RECORDS PROVIDED:
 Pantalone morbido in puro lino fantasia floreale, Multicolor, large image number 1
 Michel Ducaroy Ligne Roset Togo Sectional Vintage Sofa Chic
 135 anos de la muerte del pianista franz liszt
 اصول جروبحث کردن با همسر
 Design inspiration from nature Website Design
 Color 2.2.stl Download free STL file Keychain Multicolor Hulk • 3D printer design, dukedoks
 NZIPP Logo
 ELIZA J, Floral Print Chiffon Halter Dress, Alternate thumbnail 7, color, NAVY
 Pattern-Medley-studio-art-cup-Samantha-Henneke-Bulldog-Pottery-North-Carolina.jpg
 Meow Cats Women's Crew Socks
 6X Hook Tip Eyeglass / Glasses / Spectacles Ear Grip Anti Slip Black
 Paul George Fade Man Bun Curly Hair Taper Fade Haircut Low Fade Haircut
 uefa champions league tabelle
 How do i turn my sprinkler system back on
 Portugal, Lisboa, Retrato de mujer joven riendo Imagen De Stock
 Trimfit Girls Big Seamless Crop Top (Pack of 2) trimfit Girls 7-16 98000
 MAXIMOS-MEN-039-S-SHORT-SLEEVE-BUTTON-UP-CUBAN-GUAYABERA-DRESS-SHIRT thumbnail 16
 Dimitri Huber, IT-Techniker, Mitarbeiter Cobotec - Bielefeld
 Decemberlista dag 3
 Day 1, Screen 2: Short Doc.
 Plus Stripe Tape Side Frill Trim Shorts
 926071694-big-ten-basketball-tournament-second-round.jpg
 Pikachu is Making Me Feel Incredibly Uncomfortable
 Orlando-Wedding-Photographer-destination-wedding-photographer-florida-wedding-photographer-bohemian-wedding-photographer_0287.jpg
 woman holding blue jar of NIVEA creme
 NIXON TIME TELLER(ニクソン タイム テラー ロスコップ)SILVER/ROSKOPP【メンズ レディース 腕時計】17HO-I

TASK BRIEF: The answer is the run of lines that starts at the one containing "Pikachu is Making" and ends at the last line of the material, reproduced exactly.

EXERCISE RESULT:
 Pikachu is Making Me Feel Incredibly Uncomfortable
 Orlando-Wedding-Photographer-destination-wedding-photographer-florida-wedding-photographer-bohemian-wedding-photographer_0287.jpg
 woman holding blue jar of NIVEA creme
 NIXON TIME TELLER(ニクソン タイム テラー ロスコップ)SILVER/ROSKOPP【メンズ レディース 腕時計】17HO-I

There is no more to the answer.